There's one enzyme replacement therapy that's dosed into the ventricles of the brain through a shunt, this occurs, you know, every one to two weeks, or in the case of the shunt, I believe it's once a month, for the rest of the patient's life. You know, that takes up a lot of time from the patient and their family to have to get infusions. What we've thought of doing is really, trying to replace the exogenous enzyme replacement therapy with a gene therapy that would produce the same enzyme within the patient's body, and it would produce it 24/7. It'd be like a continuous enzyme replacement therapy instead of giving it every one to two weeks. That accomplishes two things.

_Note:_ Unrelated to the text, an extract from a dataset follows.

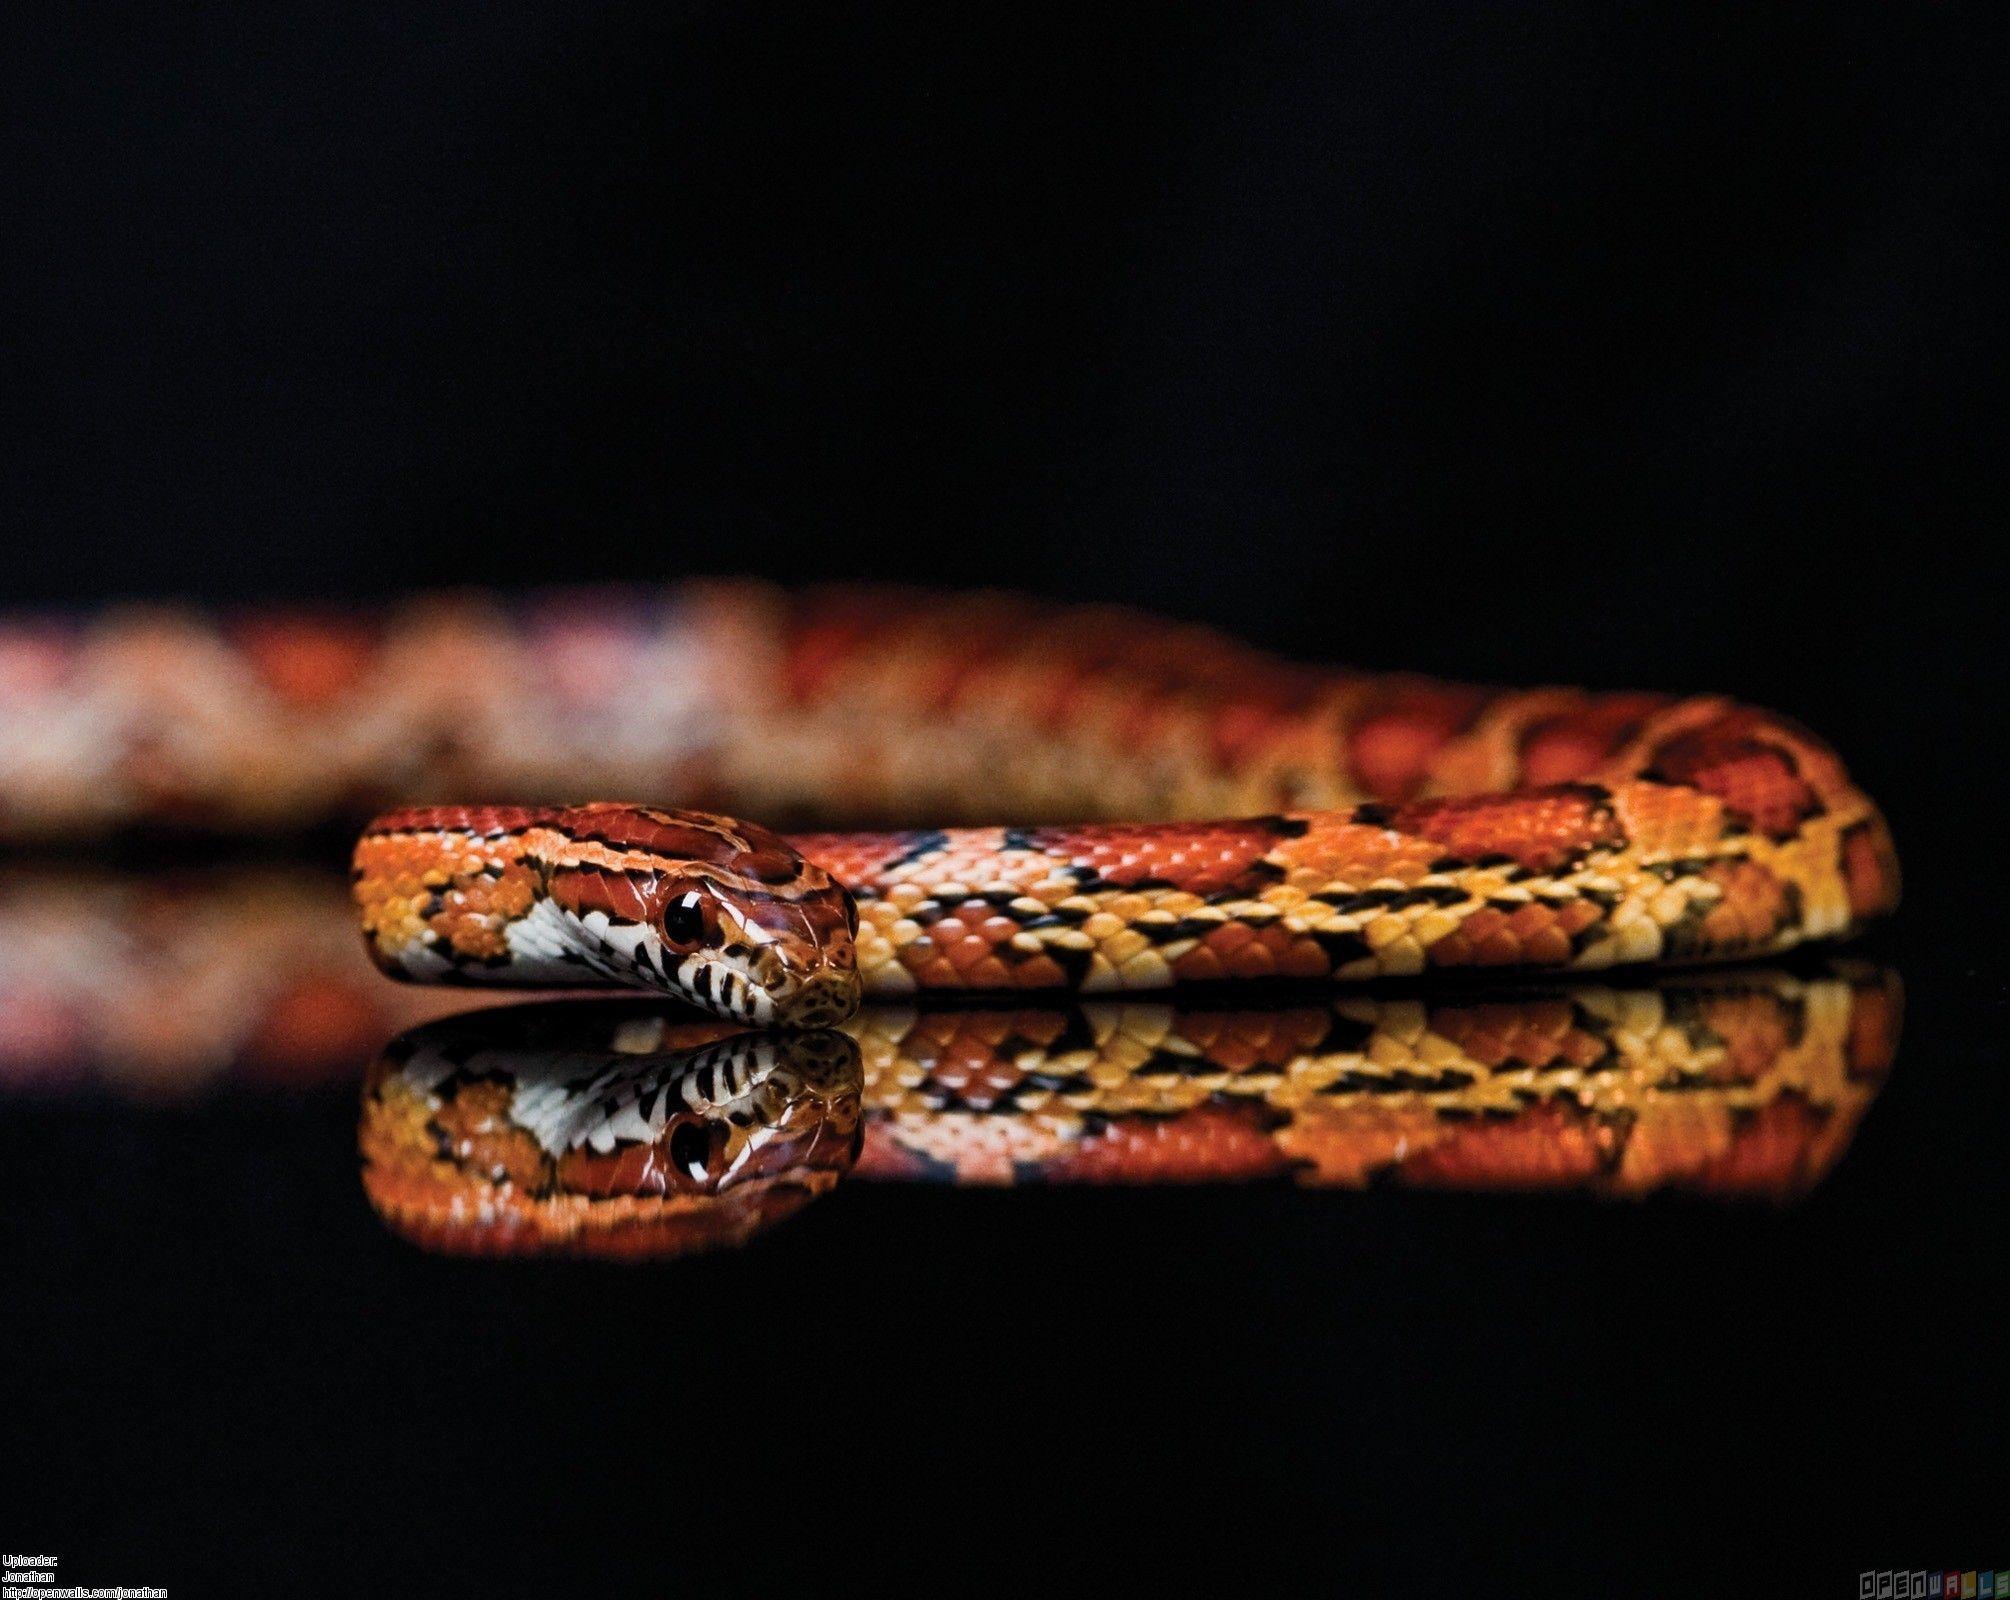 mirrored snake. Snakes. Corn snake, Snake wallpaper, Snake

One is that it has the potential to be a one-time treatment for patients, so they don't have to go back to the clinic every one to two weeks. We believe that the amount of enzyme that we can produce within the body will be orders of magnitude higher than what can be achieved through traditional intravenous infusions. That's important because we know that some of the lysosomal storage disorders are not completely treated with existing enzyme replacement therapies. We believe that higher doses could achieve that, but they're just not practical to give through, you know, this intermittent enzyme replacement therapy intravenously. We are designing gene therapy vectors with our collaborator, LogicBio, that has worked with us to provide a vector that has exclusive targeting to the liver.
We've designed our transgenes in a way that we can express very high amounts of enzyme from the patient's liver. Essentially, we're converting the patient's liver into an in vivo manufacturing depot of the enzyme. The two diseases that are at the forefront that we're looking at is Fabry disease and Pompe disease. With Fabry disease, we have evidence in a mouse model of Fabry that we see very nice reduction of substrate in the affected tissues that accumulate the lipid that causes Fabry disease. We're very reassured by that and optimistic that this will translate into patients as well. Those are the main programs that we have coming up after SMA.
Thank you very much. Once again, if you have any questions, please feel free to share questions in the chat box and we will read out the questions. Do we have any more questions? If not, this concludes the end of the presentation. Ladies and gentlemen, that does conclude our presentation for today. Thank you all for participating. You may disconnect now.